WHAT THIS TASK INVOLVES: Could you output each line below exactly as it appears, excluding any pictures?

SUPPLIED DATA:

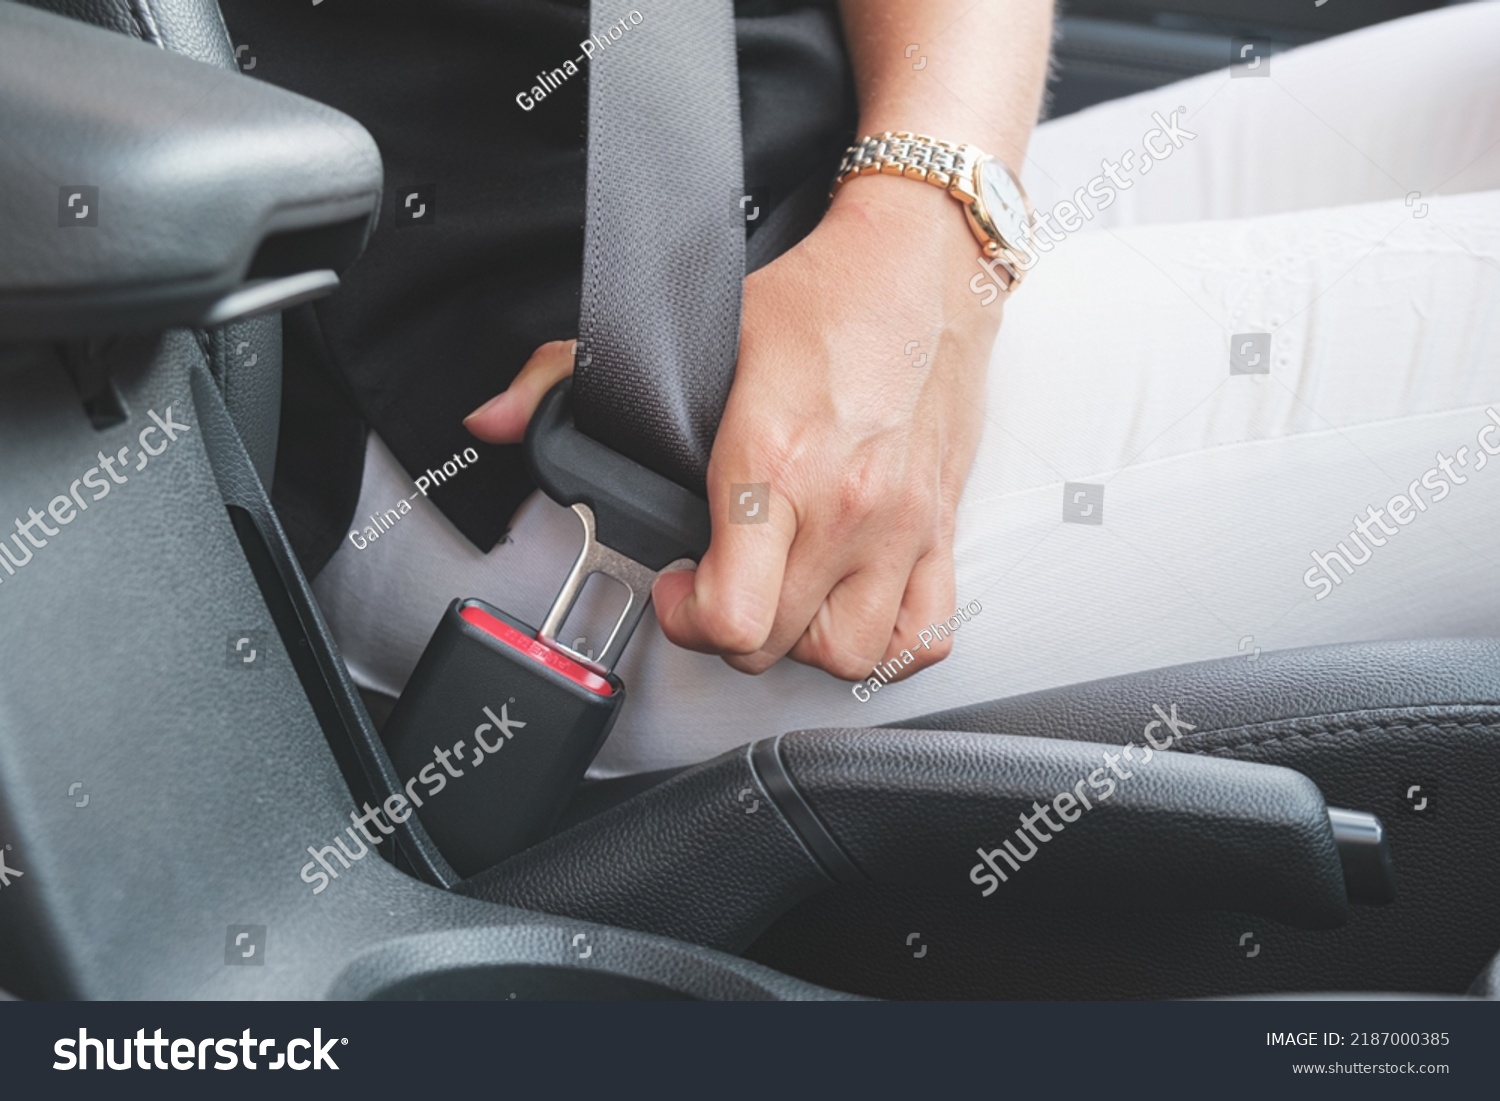 Close-up of a woman's hand fastening a seat belt in a car. Woman driver fastens her seat belt before driving. Driving safety concept. #2187000385
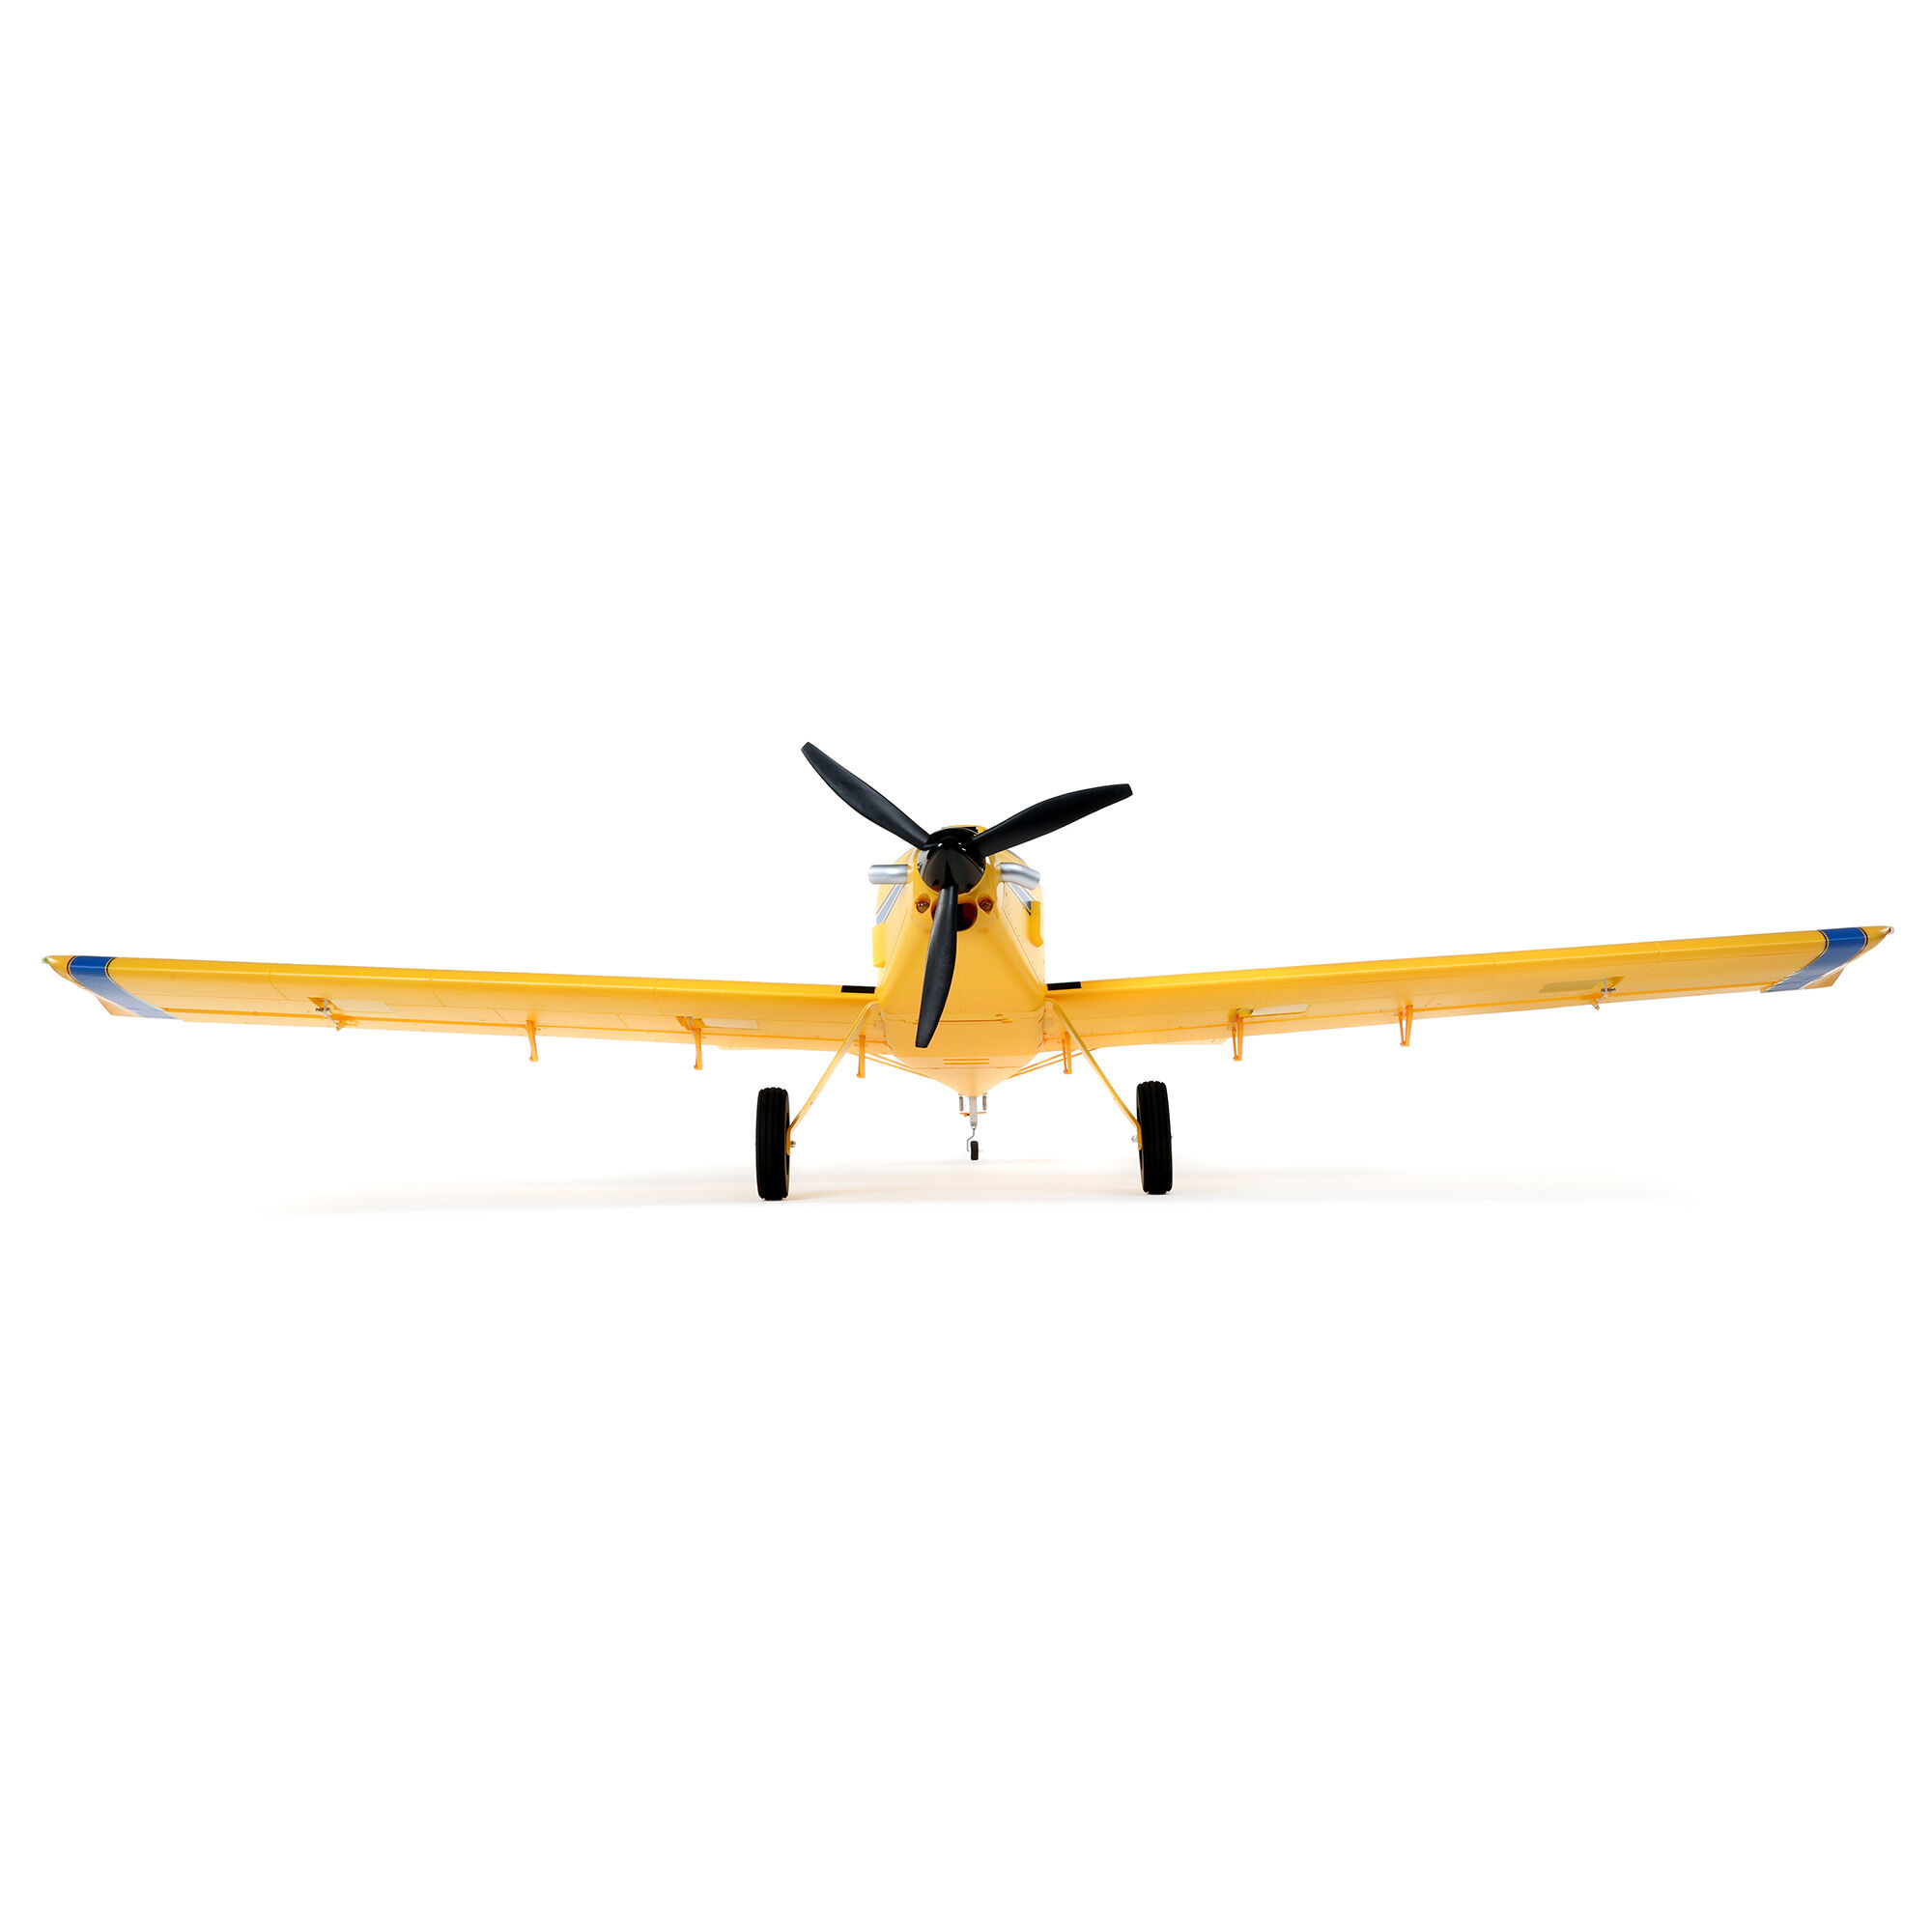 EFlite E-flite Air Tractor 1.5m RC PNP Plug In Play Electric Airplane EFL16475 
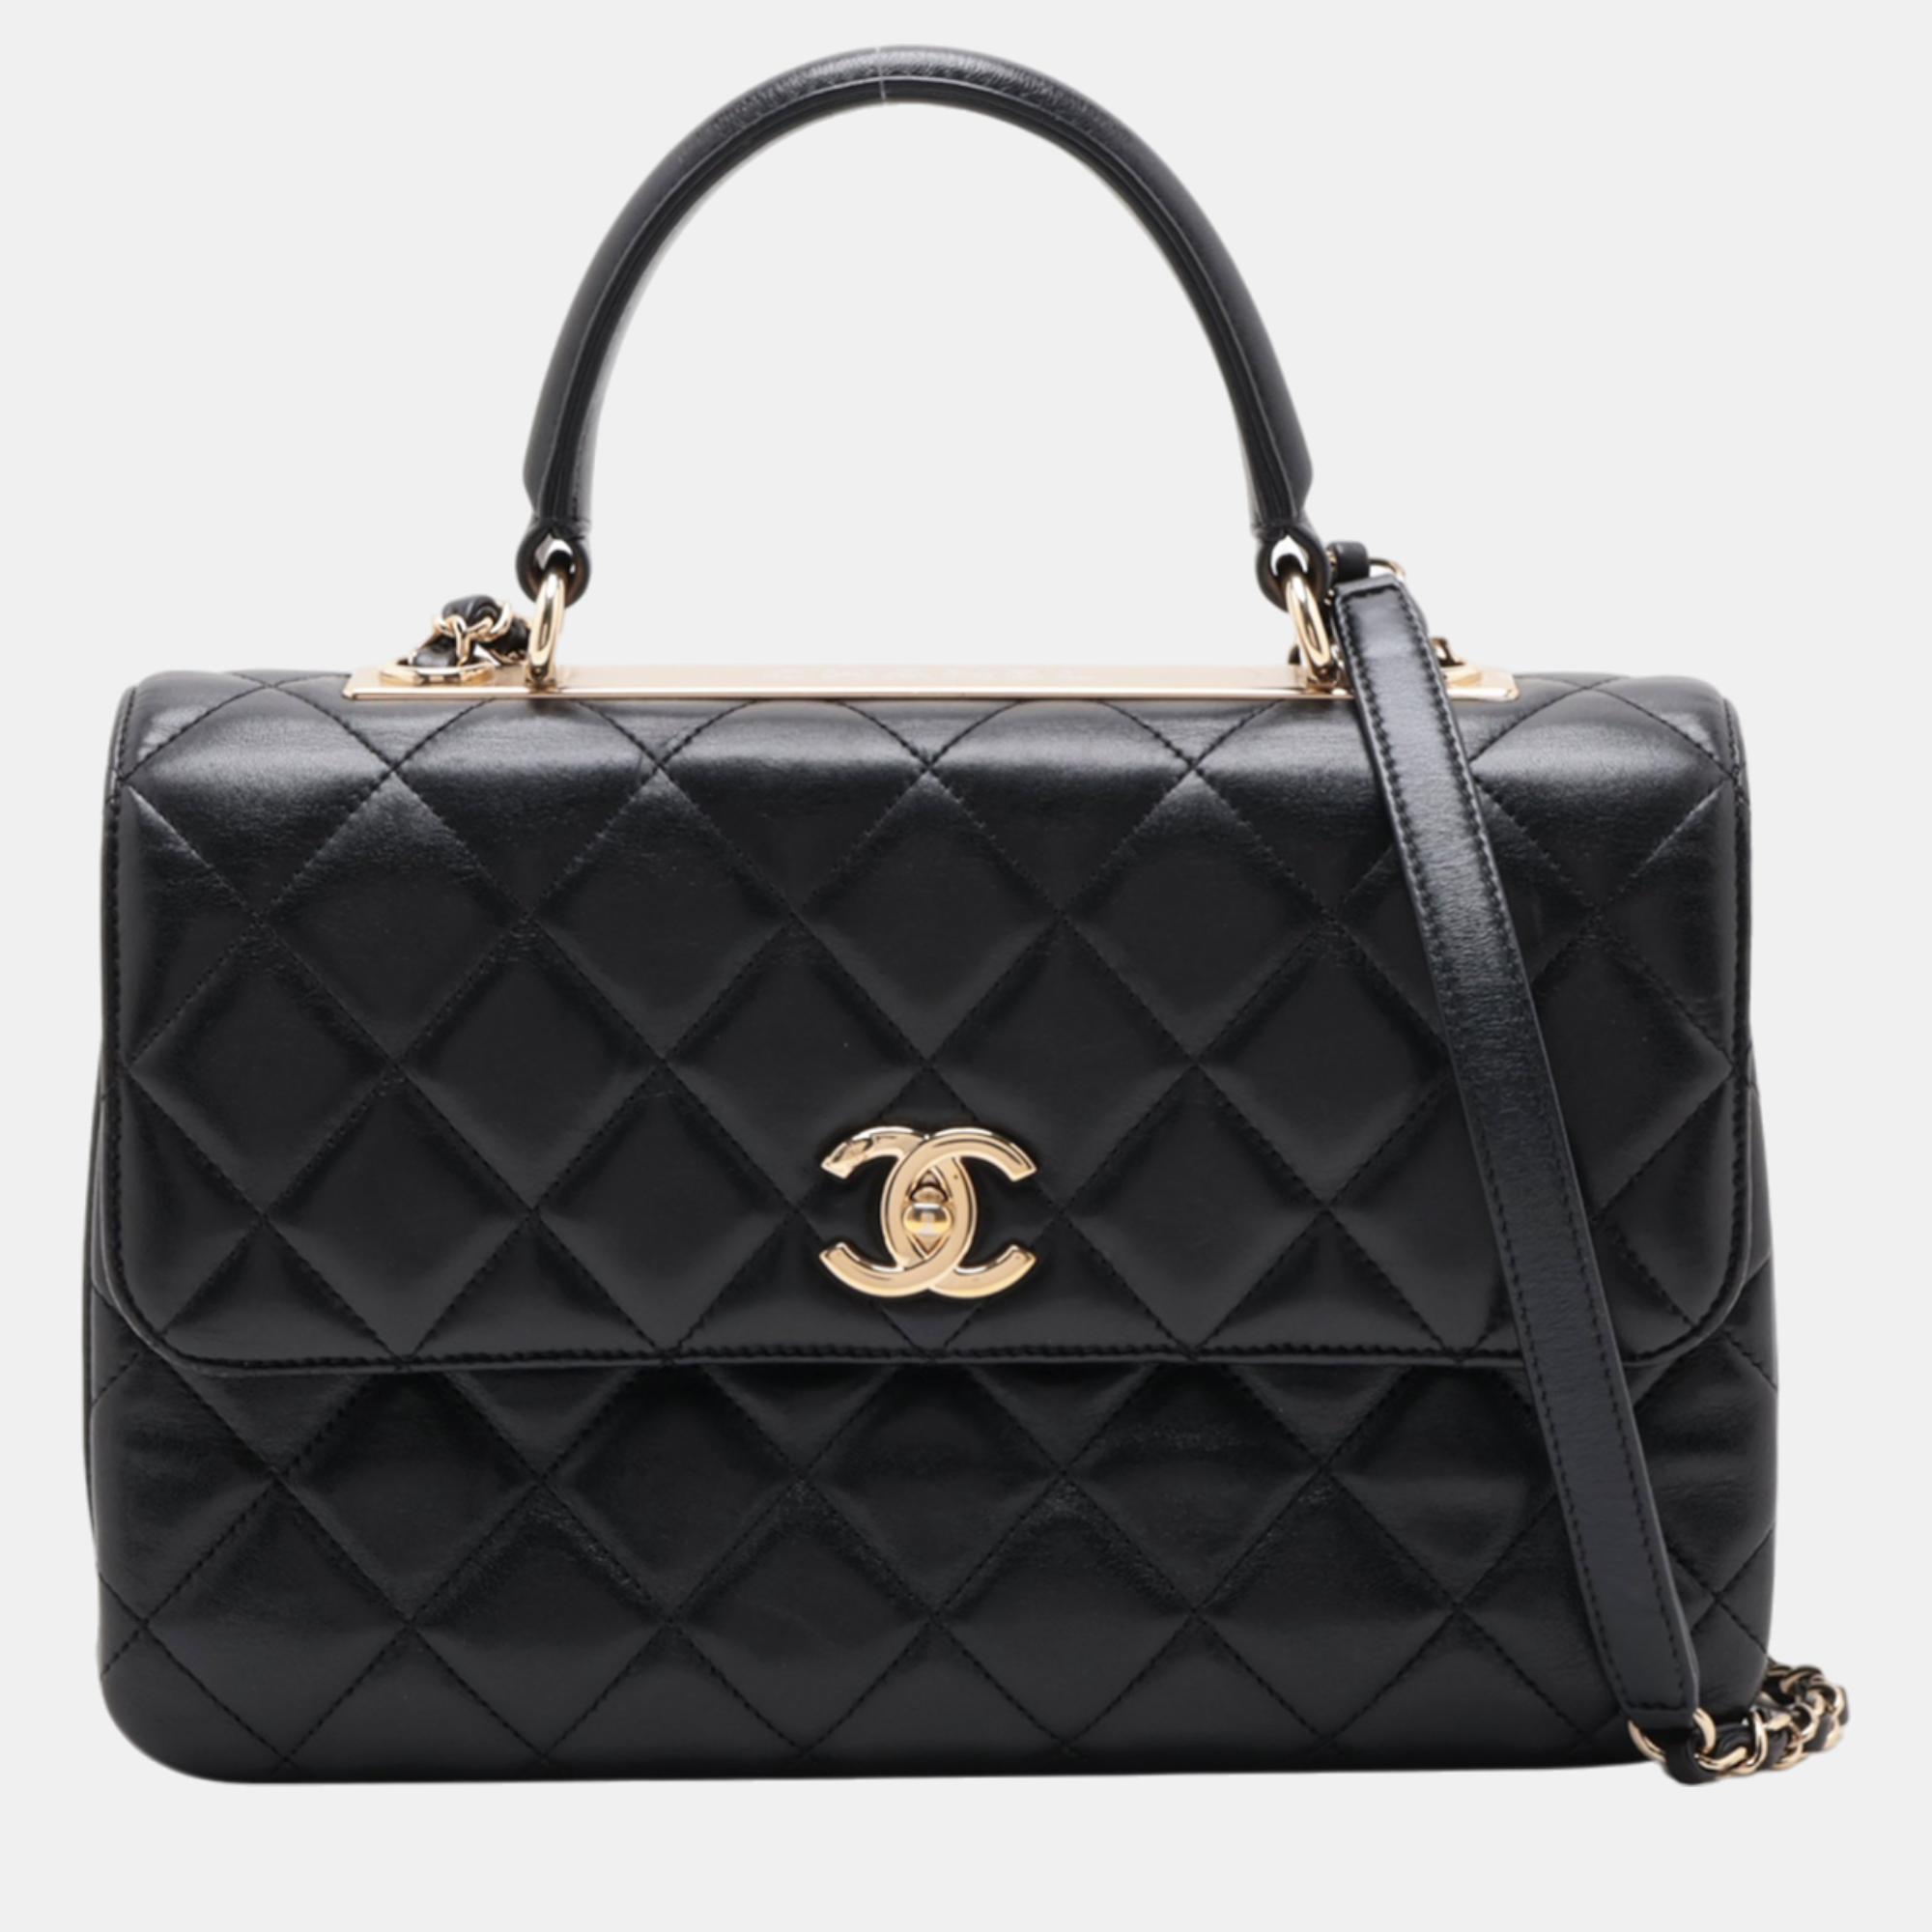 Uncompromising in quality and design this Chanel bag is a must have in any wardrobe. With its durable construction and luxurious finish its the perfect accessory for any occasion.

TASK SOLUTION:
 Close-up of a woman's hand fastening a seat belt in a car. Woman driver fastens her seat belt before driving. Driving safety concept. #2187000385
 EFlite E-flite Air Tractor 1.5m RC PNP Plug In Play Electric Airplane EFL16475 
 Uncompromising in quality and design this Chanel bag is a must have in any wardrobe. With its durable construction and luxurious finish its the perfect accessory for any occasion.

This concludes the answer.